Что хотел сказать ему Андреас этим посланием? Что это – жест уважения, посланный одним воином другому? Или напоминание о том, как будто он нуждался в подобном напоминании, что Амелия исчезла для него навсегда.

– Спасибо, – просто сказал Нилс и с этим вышел из дома.

Иванна открыла дверь, едва Нилс занес руку, чтобы постучать. Нилс знал, что предстал перед ней не в лучшей форме, но добрая девушка без лишних церемоний пропустила его в дом и тут же сообщила:

– Ваш брат пришел в себя, сэр. Жара у него нет, и я бы сказала, что он очень неплохо себя чувствует.
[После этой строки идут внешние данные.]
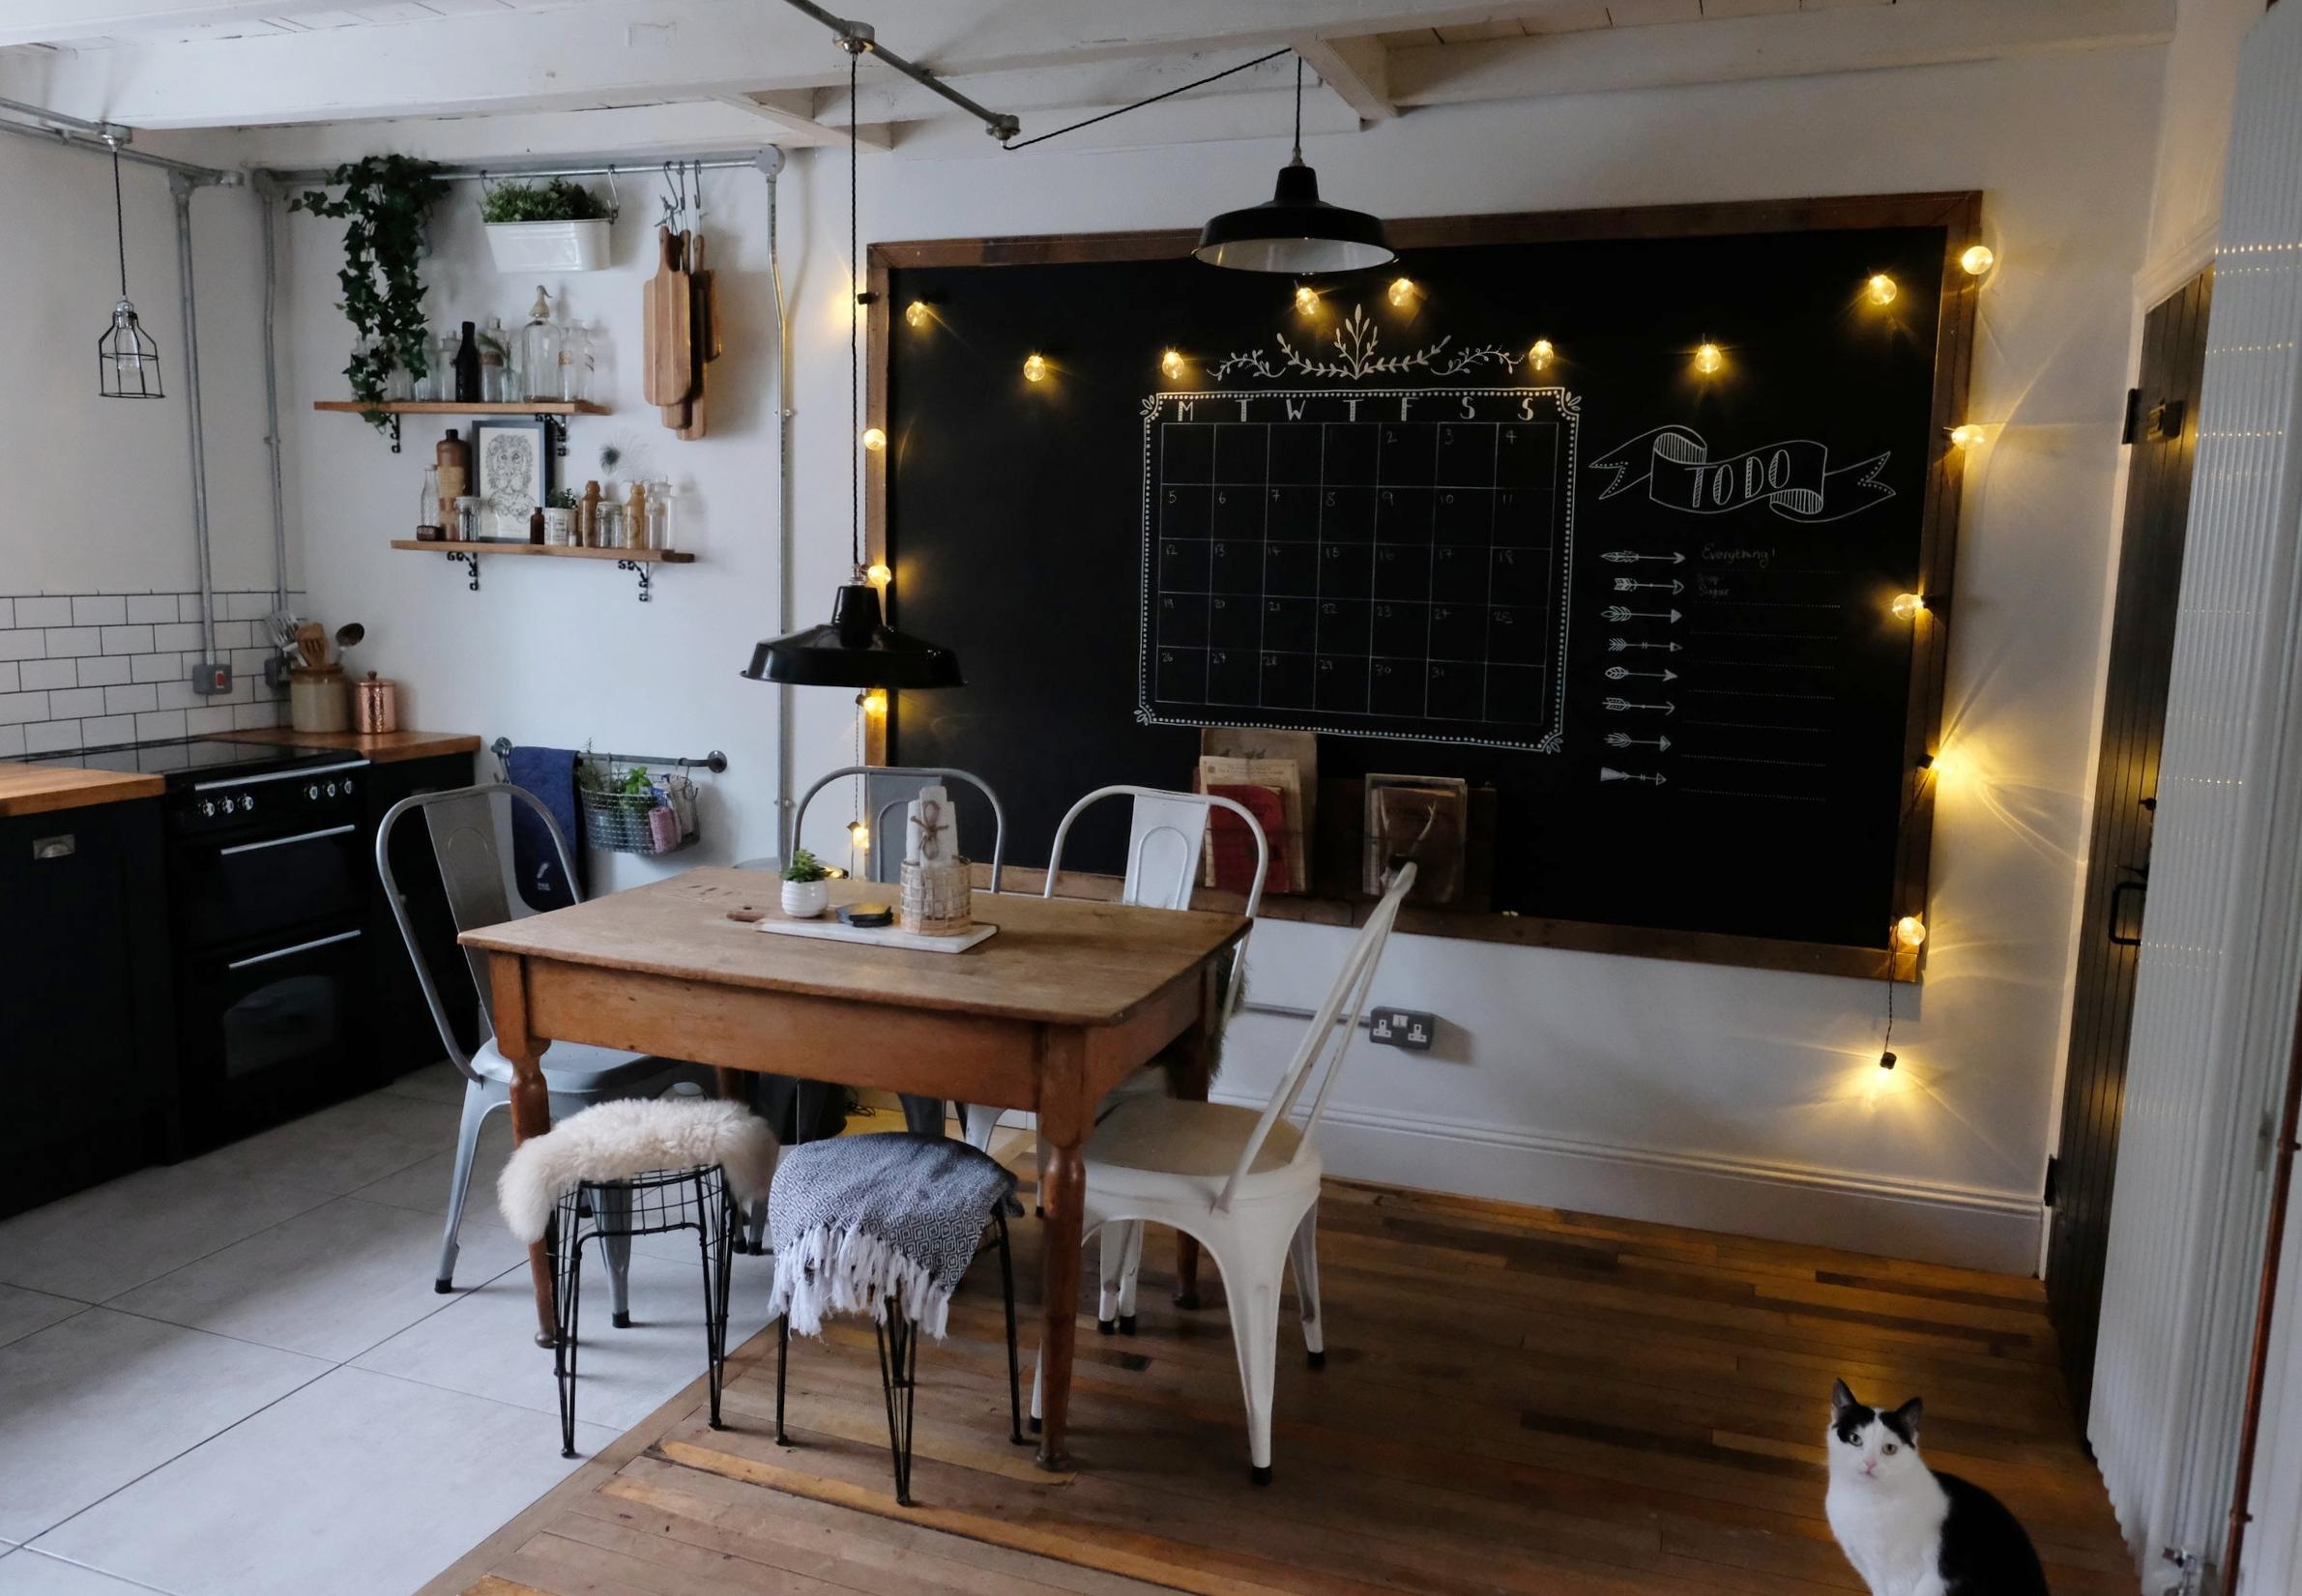 renovation kitchen inspiration interior blogger

– Спасибо, – сказал Нилс и ощутил, как Иванна поплыла у него перед глазами. Он сморгнул невесть откуда взявшуюся влагу и пошел следом за горничной наверх, туда, где отдыхал Шедоу.

Брат его сидел на кровати, и, хотя лицо его было бледным, во всем остальном он вполне походил на себя прежнего.
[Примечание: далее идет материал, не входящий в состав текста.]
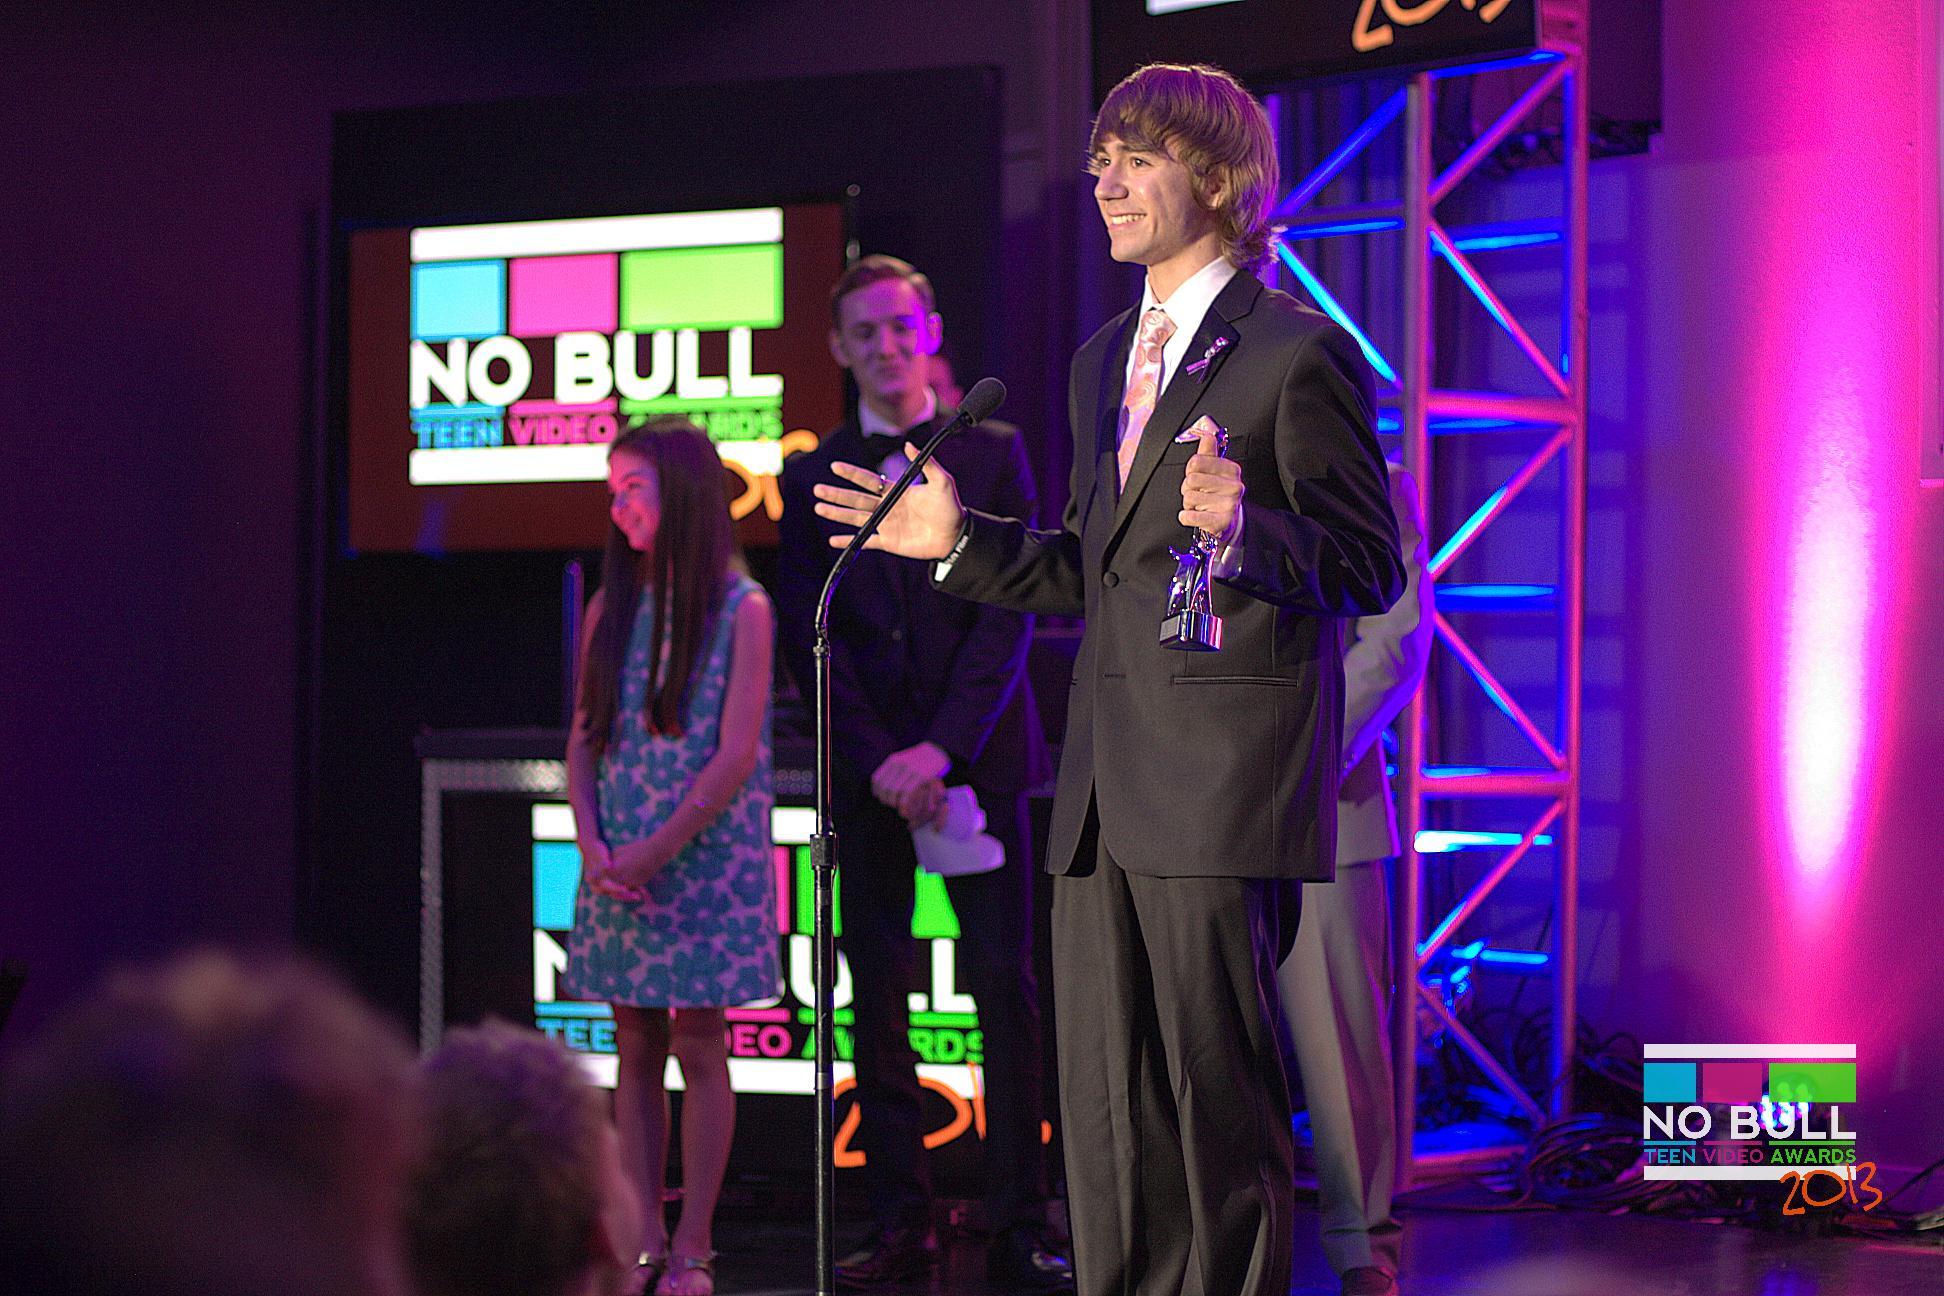 2013 Teen Video Awards

– Черт, – вместо приветствия сказал Шедоу, – ты очень плохо выглядишь.

– Ты обо мне? Но не мне всадили нож в грудь.

– Каждый может допустить ошибку, – виновато сказал Шедоу.

– Я тебя не виню. Как ты себя чувствуешь?

– Отлично.

– Ему нужно еще отдохнуть. По крайней мере несколько дней, – решительно заявила Иванна.

Шедоу послал ей одну из тех своих улыбок, что без промаха пронзали сердца особ женского пола по всему американскому континенту – от крайнего запада до крайнего востока.

– Что мне действительно необходимо, так это еще тарелочку твоего отменного супчика.

– О да, конечно. Суп еще никому не вредил. – Польщенная, Иванна встала и помчалась исполнять поручение.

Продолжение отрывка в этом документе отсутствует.